*** DATA BELOW ***
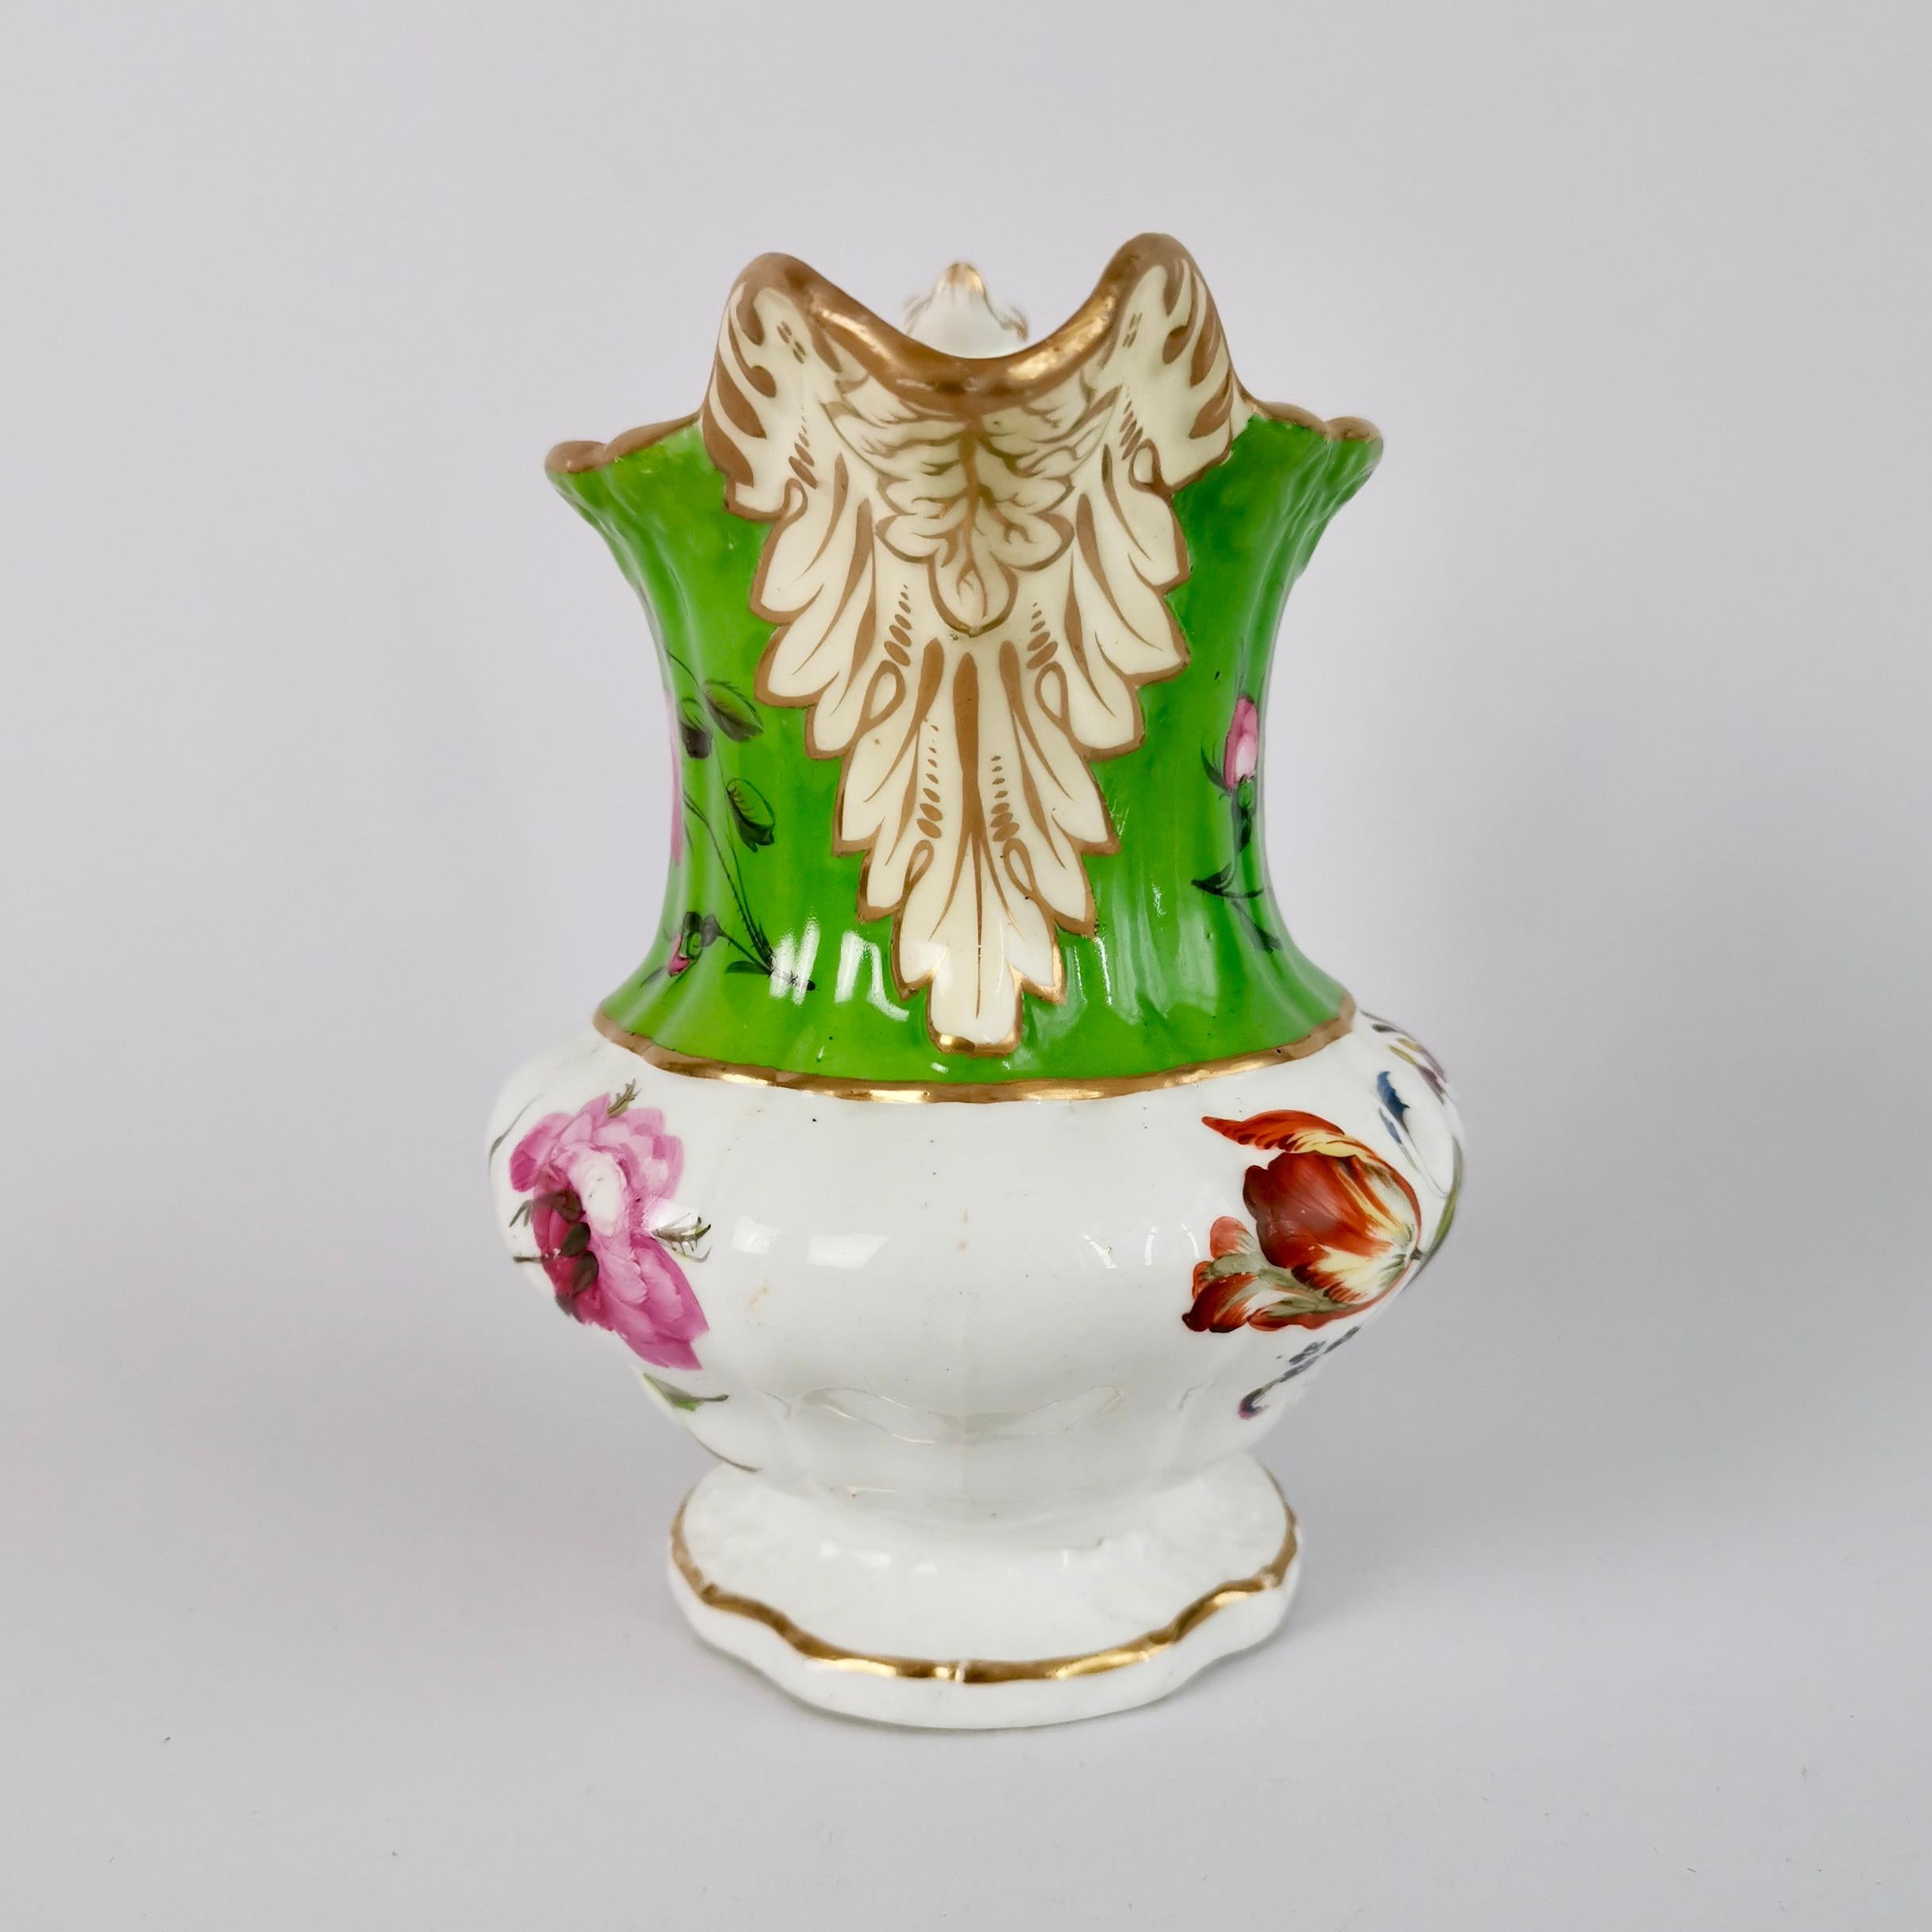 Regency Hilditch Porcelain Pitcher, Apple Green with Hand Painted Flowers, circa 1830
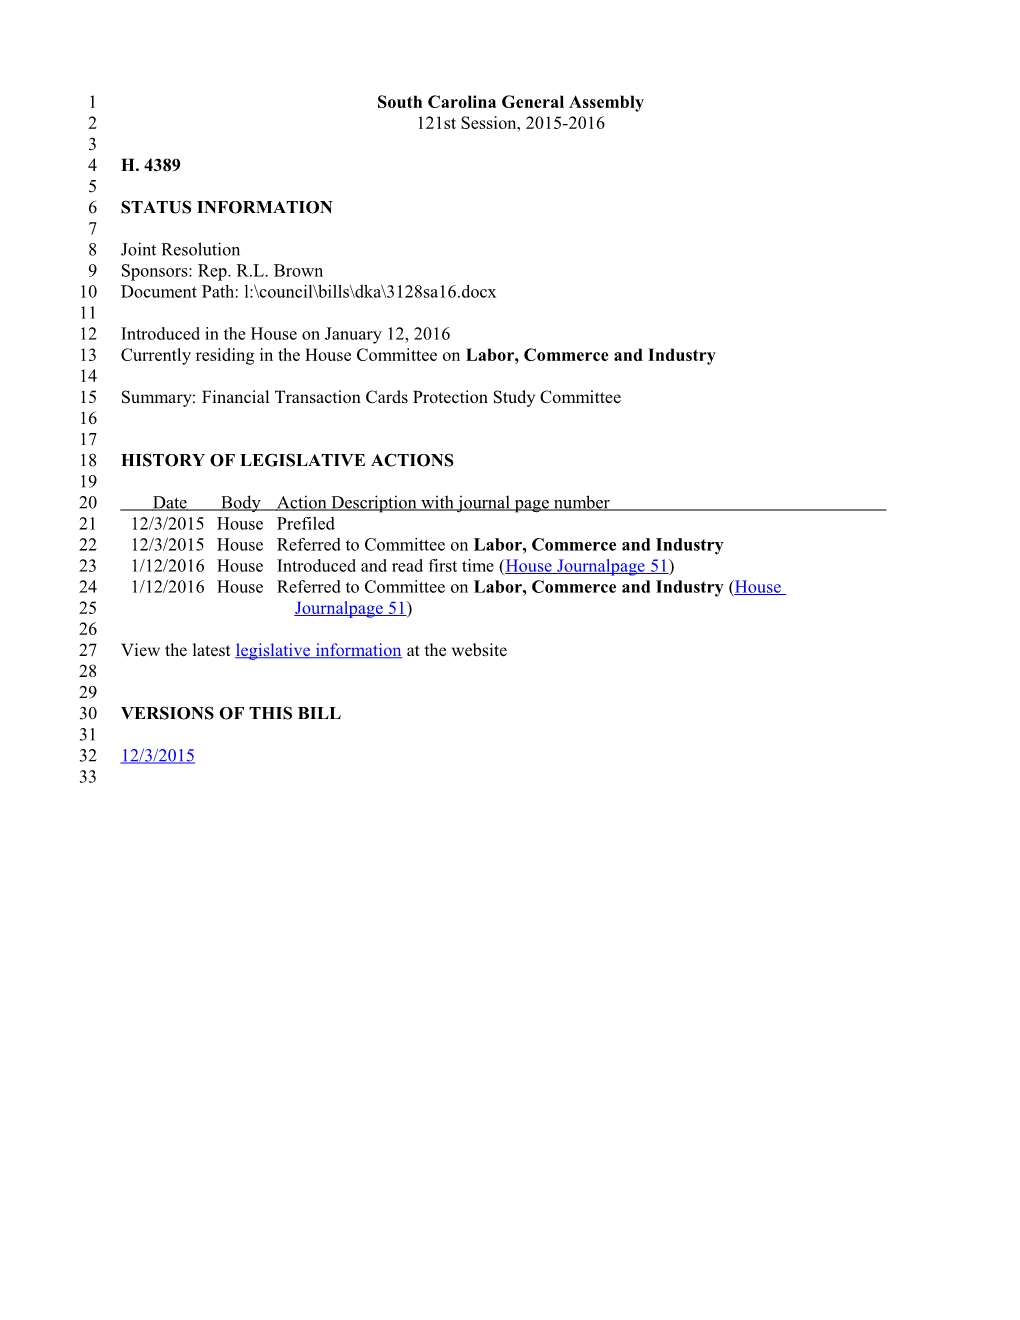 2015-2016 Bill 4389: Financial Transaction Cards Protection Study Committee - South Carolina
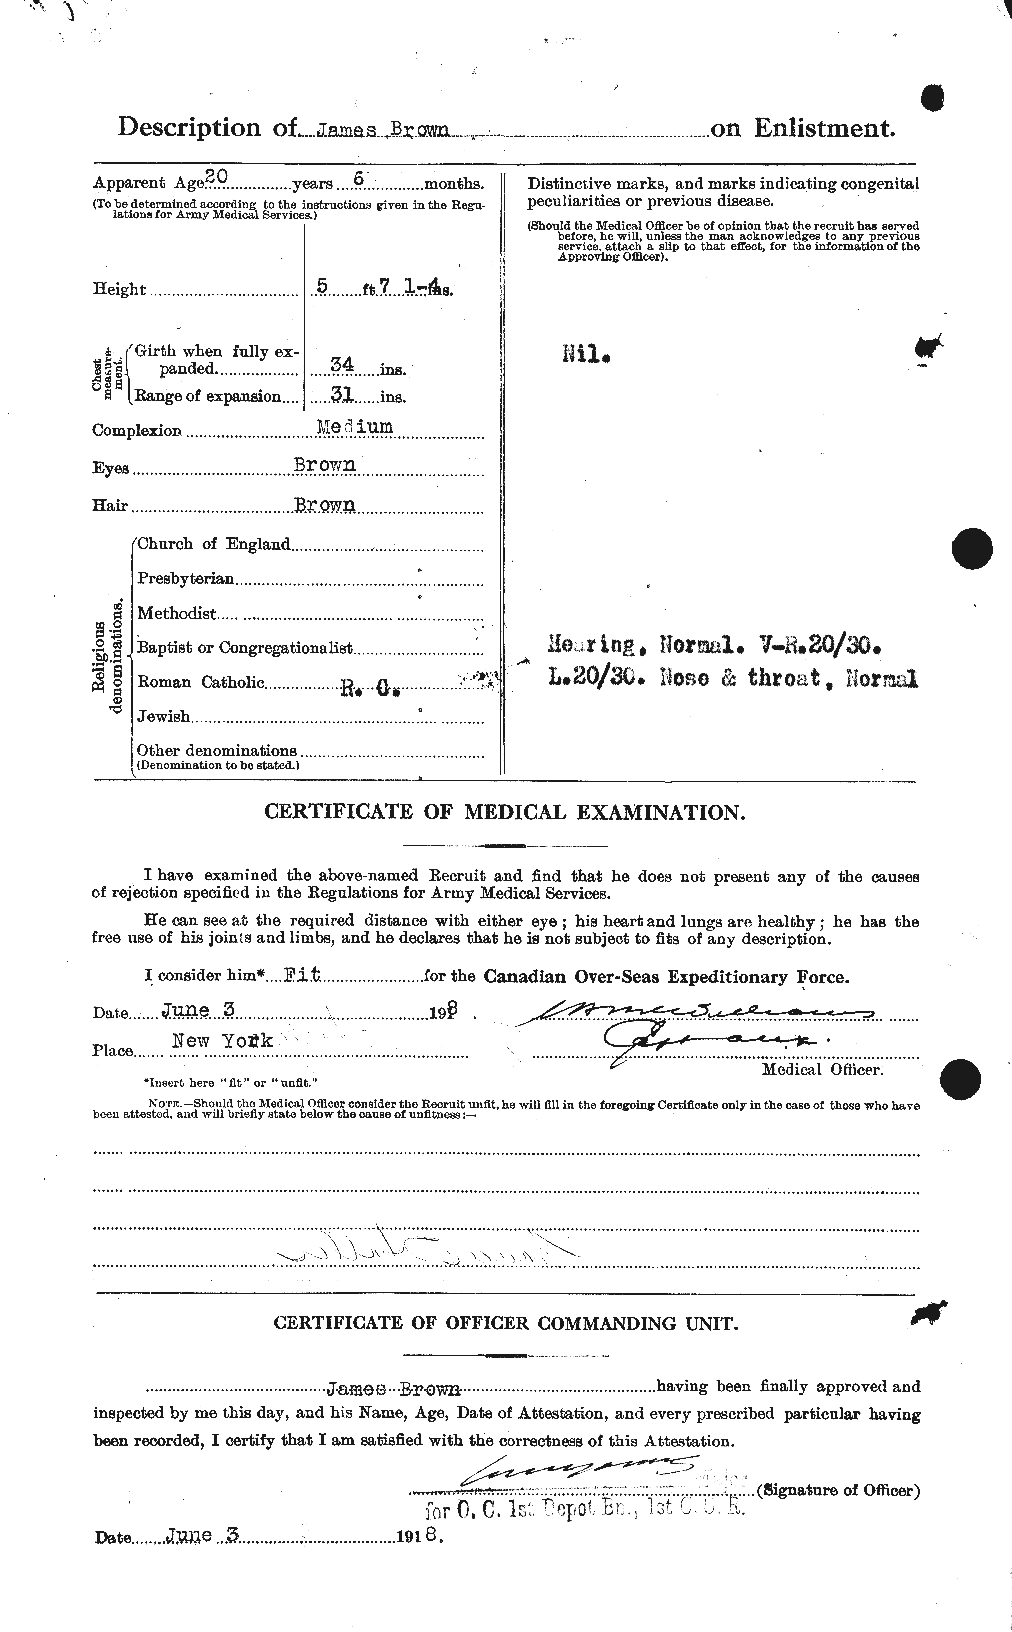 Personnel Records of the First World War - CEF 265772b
*** End of DATA BELOW ***
**ABOUT THIS TASK:** Give the listing again exactly, but omit each image.

**ANSWER BOX:**
 Regency Hilditch Porcelain Pitcher, Apple Green with Hand Painted Flowers, circa 1830
 2015-2016 Bill 4389: Financial Transaction Cards Protection Study Committee - South Carolina
 Personnel Records of the First World War - CEF 265772b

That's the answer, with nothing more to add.